Чтобы кнуту было где разгуляться, Руфь перешла в центр сарая. Злость ее, холодная, как сухой лед, придавала сил рукам, мышцы которых от ежедневных прогулок верхом стали крепки, злость ожесточила ее сердце и напрочь лишила всякой жалости. Теперь она, словно самка животного, отчаянно боролась за собственную жизнь и за жизнь своего детеныша.
Плетью Руфь научилась пользоваться еще в те времена, когда только осваивала верховую езду. Первый ее удар разорвал рубаху Дирка от плеча до пояса. Мальчишка злобно закричал и вскочил на колени. Следующий удар рубанул его вдоль спины, парализовав попытку встать на ноги. Еще один пришелся под коленки, выдернув из-под него обе ноги.
Лежа на животе, Дирк потянулся к стоящим у стены вилам, но и тут змея из плетеной кожи больно обвилась вокруг его запястья. Он снова вскрикнул и повернулся на бок, прижимая к груди раненую руку.
Руфь продолжала хлестать, но этот звереныш, корчась под ударами, постепенно полз по полу к ней, как раненый леопард, которому картечью парализовало нижнюю часть туловища. Руфь шаг за шагом отступала, и длинная плеть со свистом и щелканьем продолжала свою работу.
Она избивала его без всякой жалости, пока рубаха не изорвалась в свисающие с плеч и пояса клочья, под которыми виднелась гладкая белая кожа с жирными багровыми рубцами, исполосовавшими все его тело.
Руфь избивала его, пока крики мальчишки не превратились в визгливые вопли, которые сменились всхлипами.
Она била его до тех пор, пока он не остался лежать на полу, дрожащий, задыхающийся от стонов; он уже едва шевелился, кровь темными каплями сочилась из ран и капала на каменный пол.
Только тогда она сложила плеть и отворила дверь. Во дворе с молчаливым любопытством собрались все конюхи и домашние слуги.
Руфь отобрала четырех человек.
– Отнесите нкозизану в его комнату, – приказала она.
Помолчав, обратилась к одному из конюхов:
– Скачи и срочно отыщи нкози. Скажи, чтобы ехал как можно быстрее.
Шон приехал быстро. Обезумевший от тревоги, он чуть не сорвал дверь в комнату Дирка, вломившись внутрь. И остановился на пороге как вкопанный, с ужасом уставившись на спину Дирка.
Голый по пояс Дирк лежал на кровати лицом вниз, а Руфь трудилась над ним с губкой в руке. Рядом с ней на столе стоял тазик с водой, и в воздухе витал резкий запах антисептика.

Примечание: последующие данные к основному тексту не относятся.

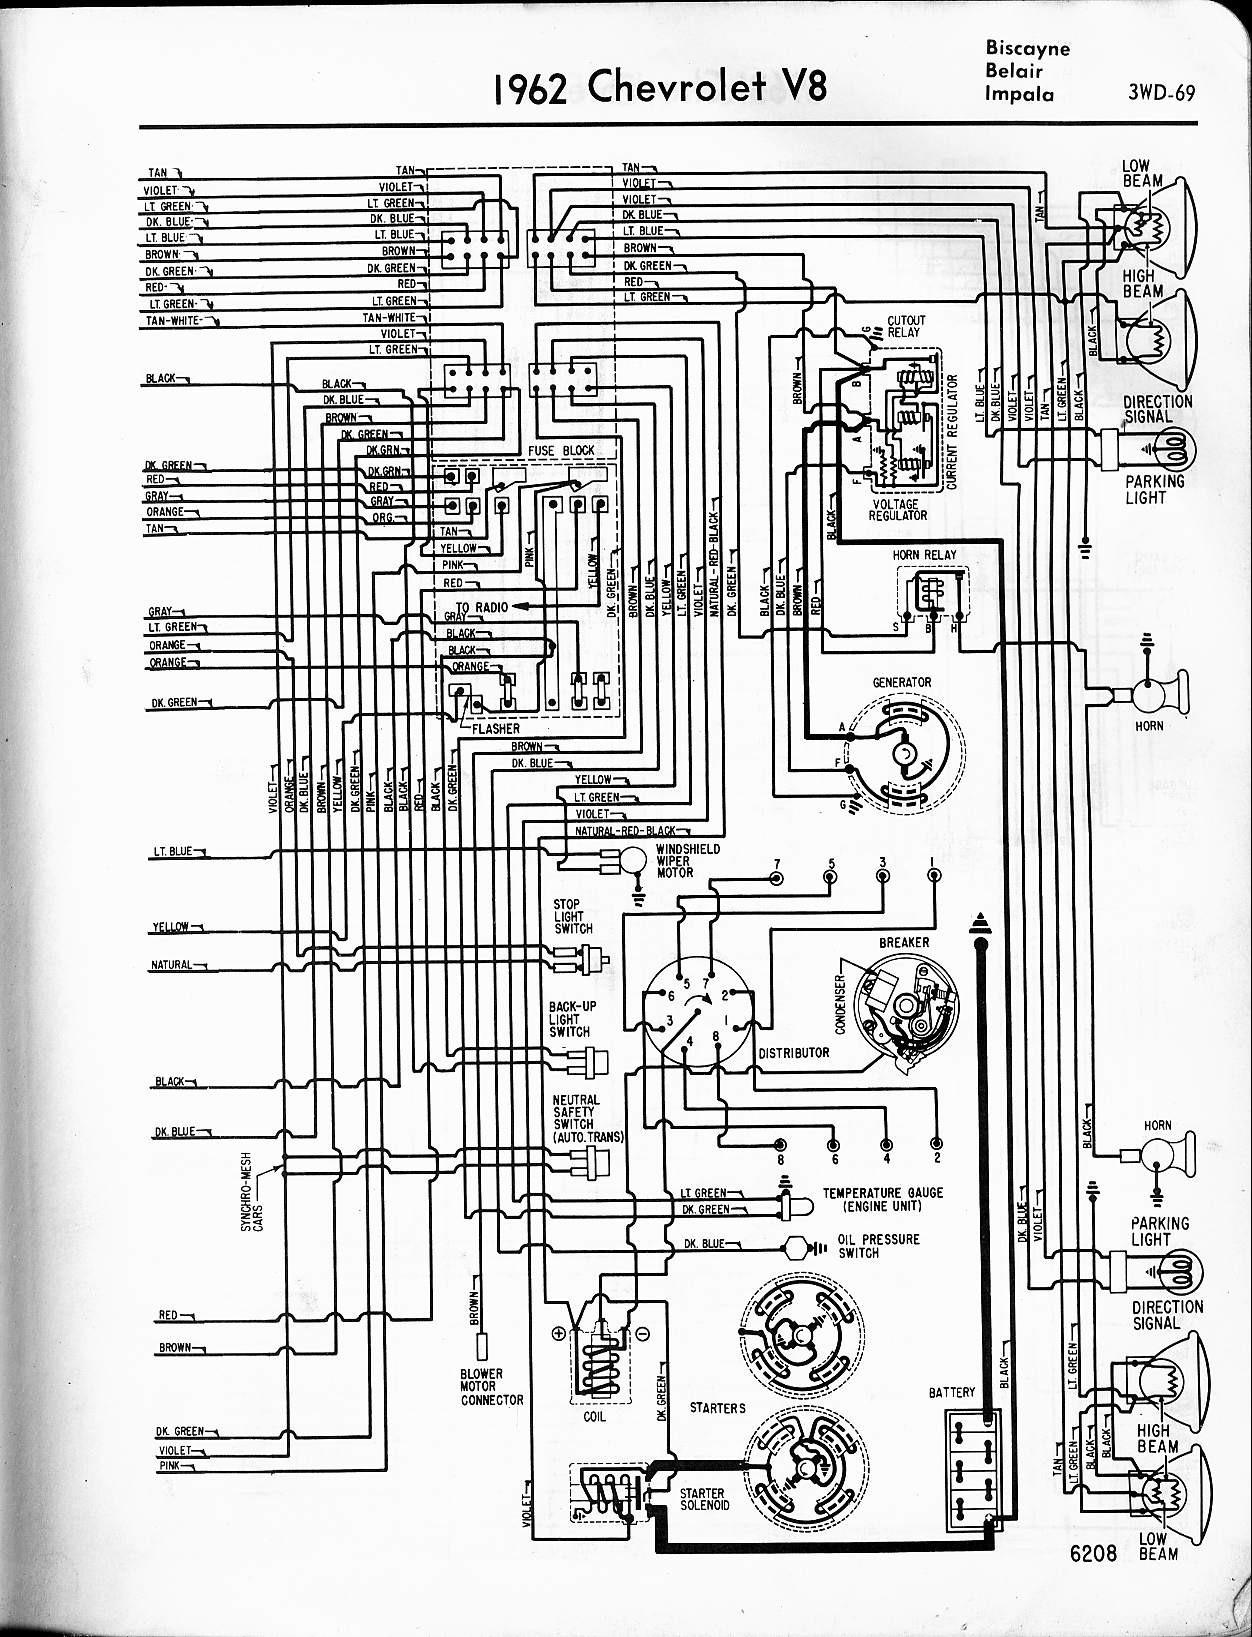 1964 Impala Ss Wiring Harness Diagram Schematics For 96 2002 Chevrolet Chevy Sedan Engine

– Боже мой! Что с ним случилось?
– Я немножко отхлестала его плеткой, – спокойно ответила Руфь.
Разинув рот, Шон посмотрел на нее, потом на Дирка:
– Так это сделала ты?
– Да.
Гнев перехватил Шону горло.
– Боже милостивый! Ты же изорвала его в клочки. Ты же чуть не убила его. Но почему?
– Так было надо.
Абсолютная уверенность в голосе Руфи и полное отсутствие раскаяния смутили Шона. Он вдруг засомневался, стоит ли здесь сердиться.
– Что он натворил?
– Я не могу тебе этого сказать. Это касается только нас двоих. Ты должен поспрашивать Дирка.

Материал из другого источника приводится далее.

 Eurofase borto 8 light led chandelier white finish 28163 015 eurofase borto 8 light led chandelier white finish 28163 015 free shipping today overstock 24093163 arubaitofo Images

Шон быстро подошел к кровати и опустился на колени:
– Дирк… Дирки, мальчик мой, что случилось? Что ты такое натворил?
Дирк поднял лицо с подушки и посмотрел на отца:
– Так, чепуха. Не важно.
Он снова спрятал лицо в подушку, голос его зазвучал приглушенно, и Шон засомневался, что понял правильно.
– Что ты сказал? – переспросил он.
– Я сказал, что сам виноват, – отчетливо ответил Дирк после короткой паузы.